= Paccia gens =

Ancient Roman family

The gens Paccia, occasionally written Pactia, was a minor plebeian family at ancient Rome. Only a few members of this gens achieved distinction in the Roman state, of whom the most illustrious was Gaius Paccius Africanus, consul in AD 67.

==Origin==
The nomen Paccius is a patronymic surname, derived from an Oscan praenomen, found as Paccius or Paquius, frequently found among the Samnites. The Roman Paccii would therefore seem to have been of Samnite, or at least Oscan descent. Because the praenomen and the gentile name shared the same form, it is difficult to determine in some cases whether the name was the bearer's praenomen or nomen.

==Members==

- Marcus Paccius, described by Cicero as a friend of Titus Pomponius Atticus.
- Paccius Antiochus, a physician who lived during the early part of the first century. He was a student of Philonides of Catana, and was well known for his medicinal preparations, some of which were quoted by Galen.
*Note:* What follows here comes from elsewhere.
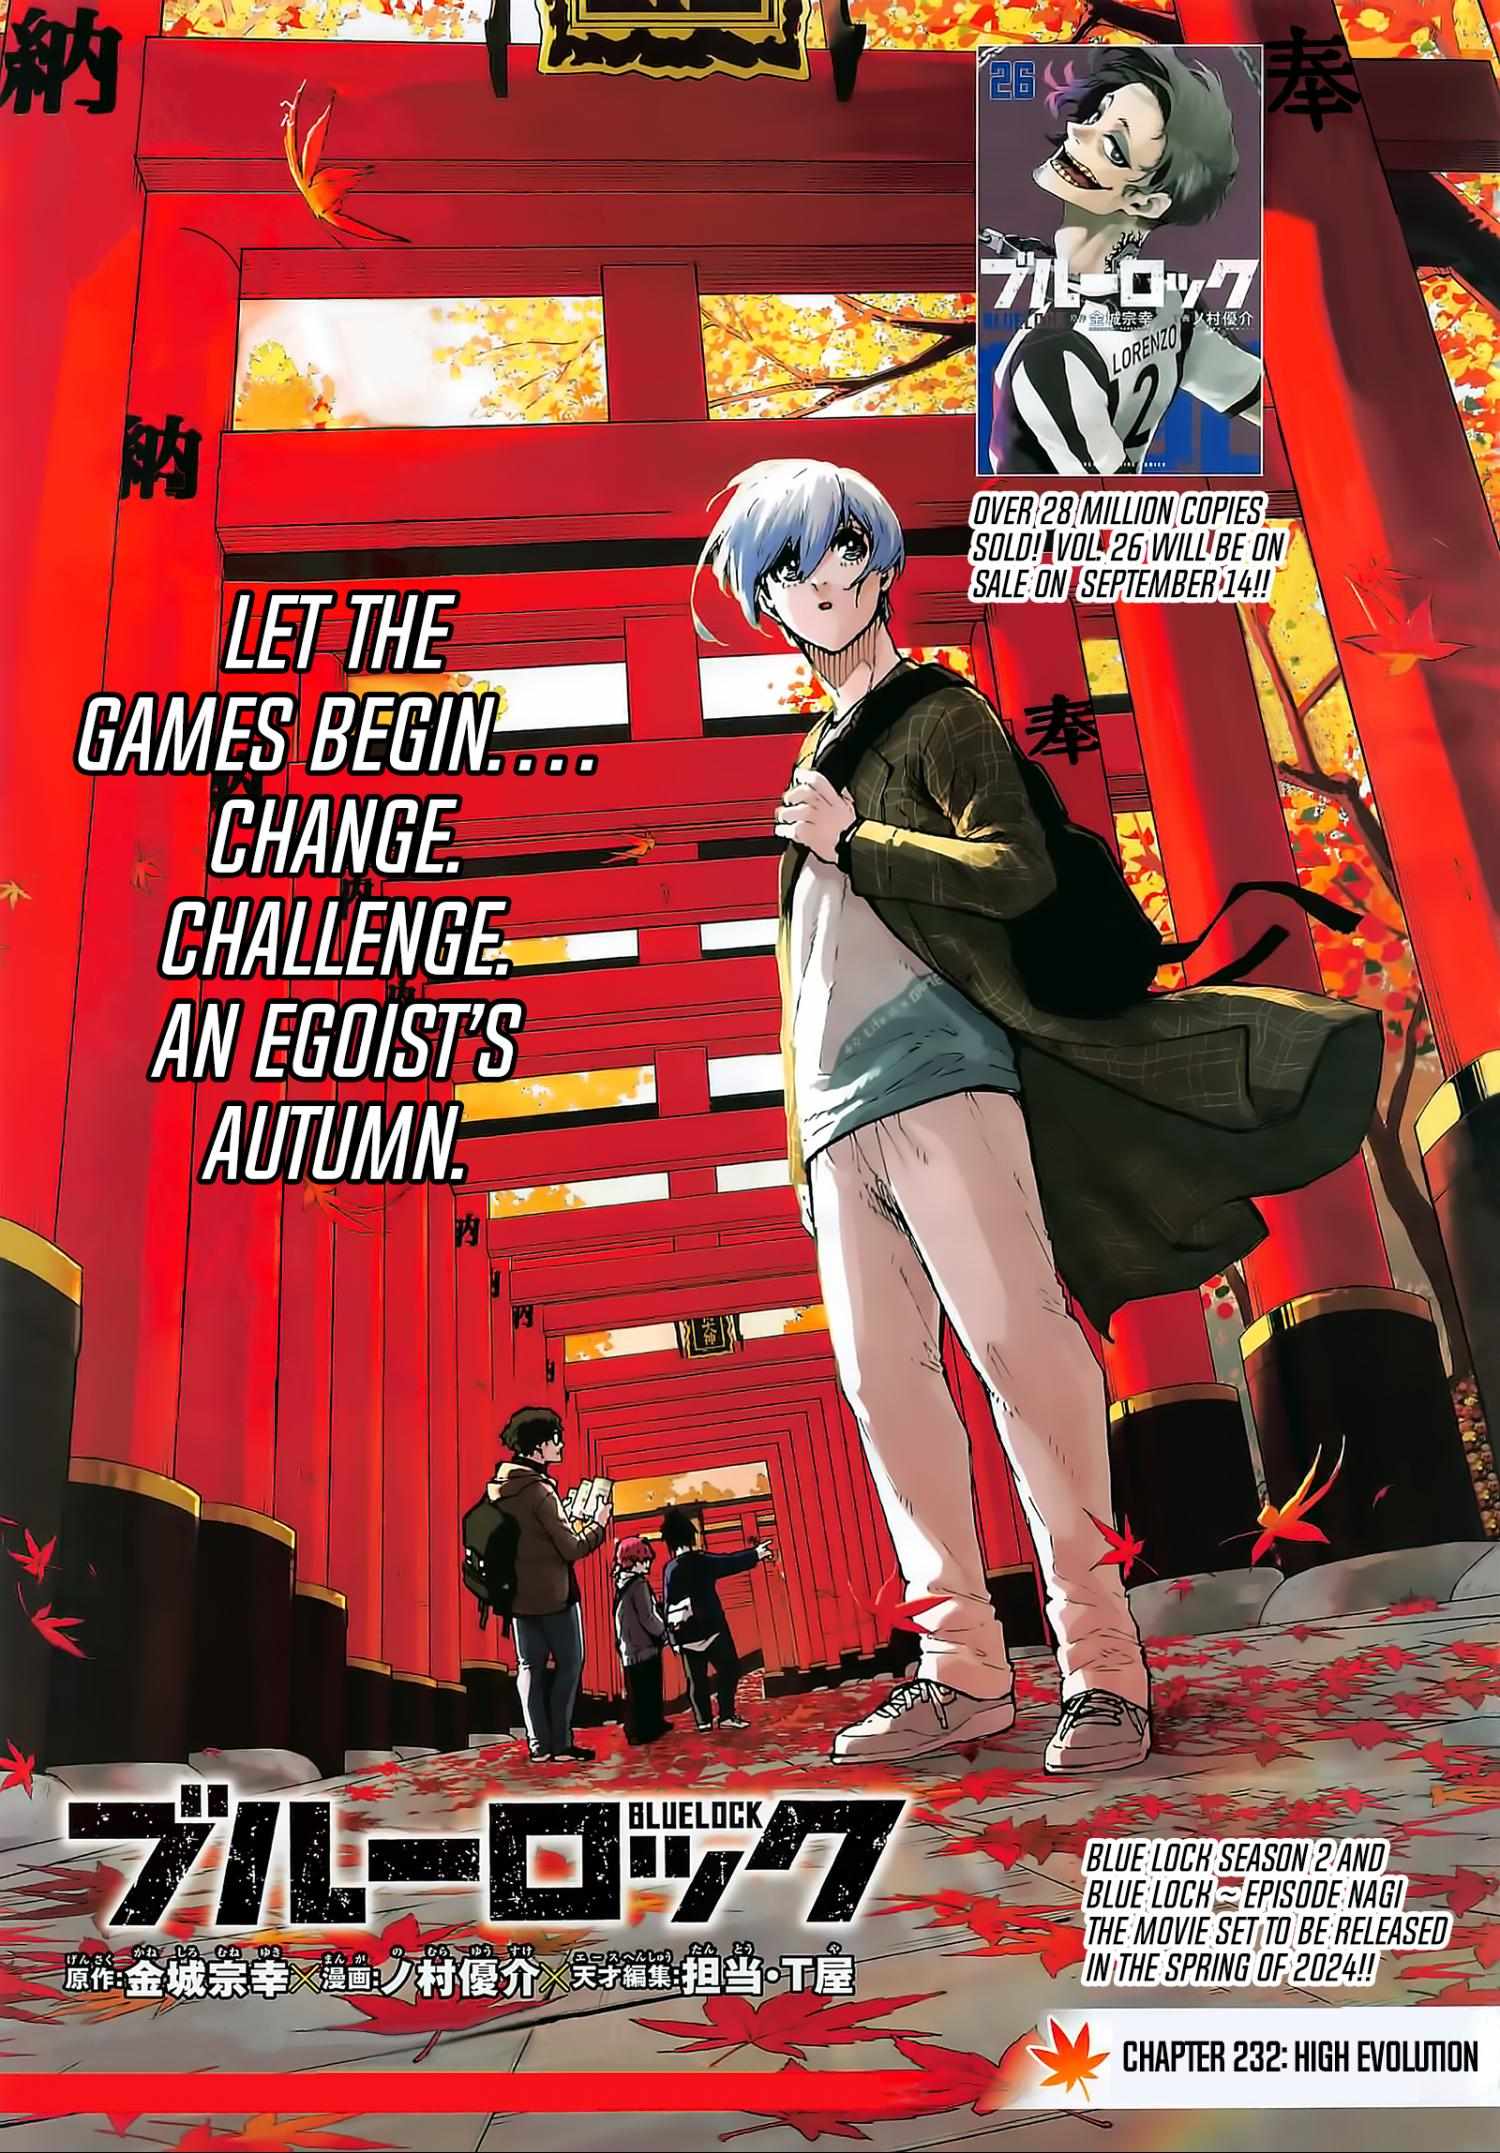 Read Blue Lock Manga Chapter 132 in English Free Online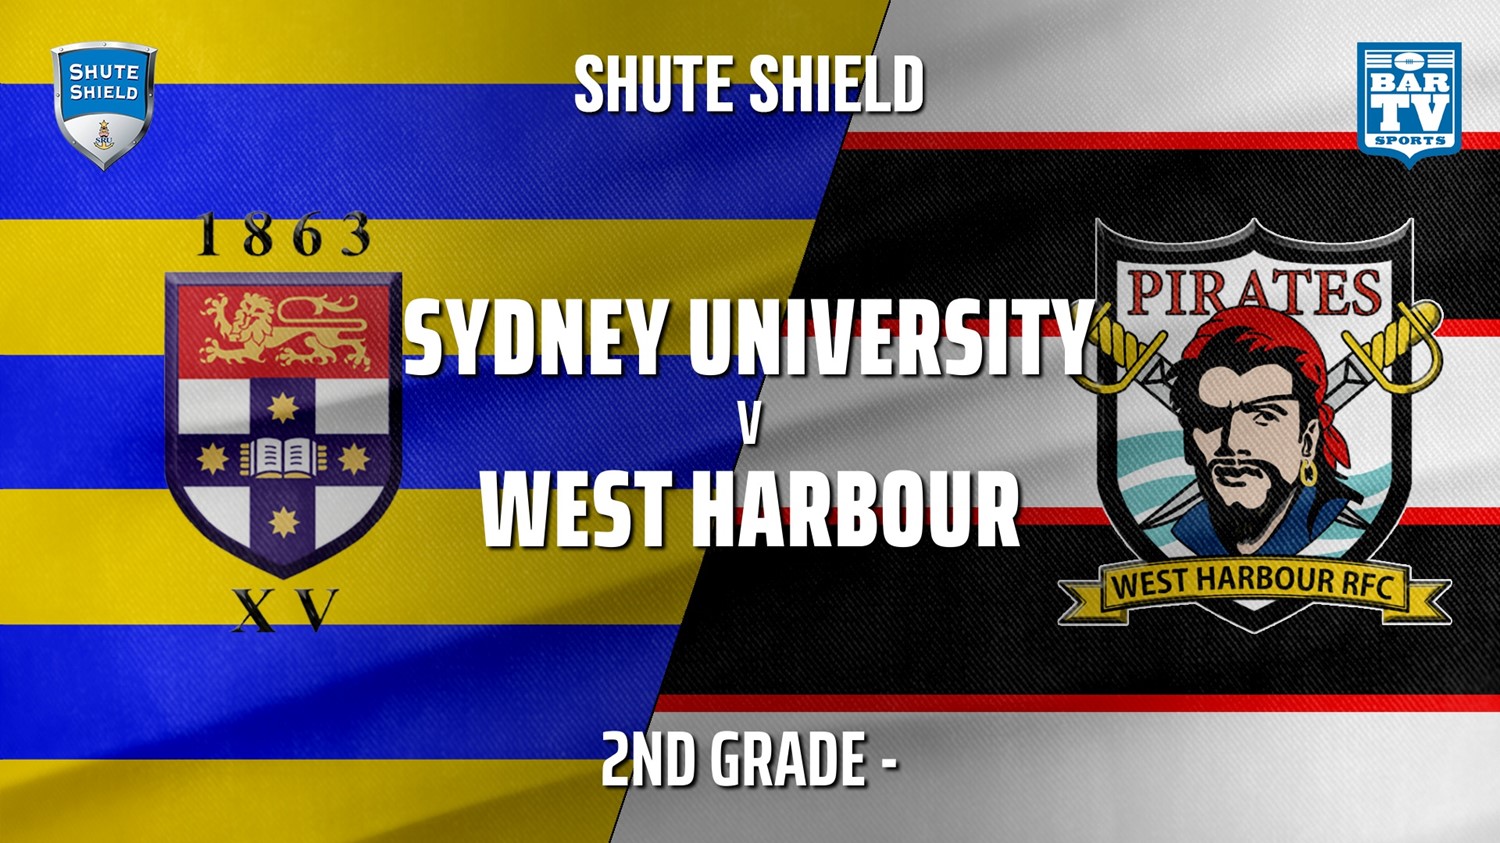 Shute Shield 2nd Grade - Sydney University v West Harbour Slate Image

He became wealthy from the sale of a particular medicine, the formula of which he left to the emperor Tiberius.
- Paccius Orfitus, a centurion primus pilus in the army of Gnaeus Domitius Corbulo, during the reign of Nero.
- Gaius Paccius Africanus, consul suffectus ex Kal. Jul. in AD 67. He was an ally of the emperor Vitellius, and was expelled from the senate after the emperor's death; restored to favour under Vespasian, Paccius was appointed Proconsul of Africa in 77.
- Gaius Paccius C. f., one of the decemvirs charged with holding a religious festival at Tarracina in Latium.
- Gaius Paccius C. l. Anoptes, a freedman mentioned in an inscription from Tarracina.
- Marcus Paccius Silvanus Quintus Coredius Gallus Gargilius Antiquus, consul suffectus from May to June in AD 119.
- Paccia Marciana, the first wife of Septimius Severus, died before her husband became emperor.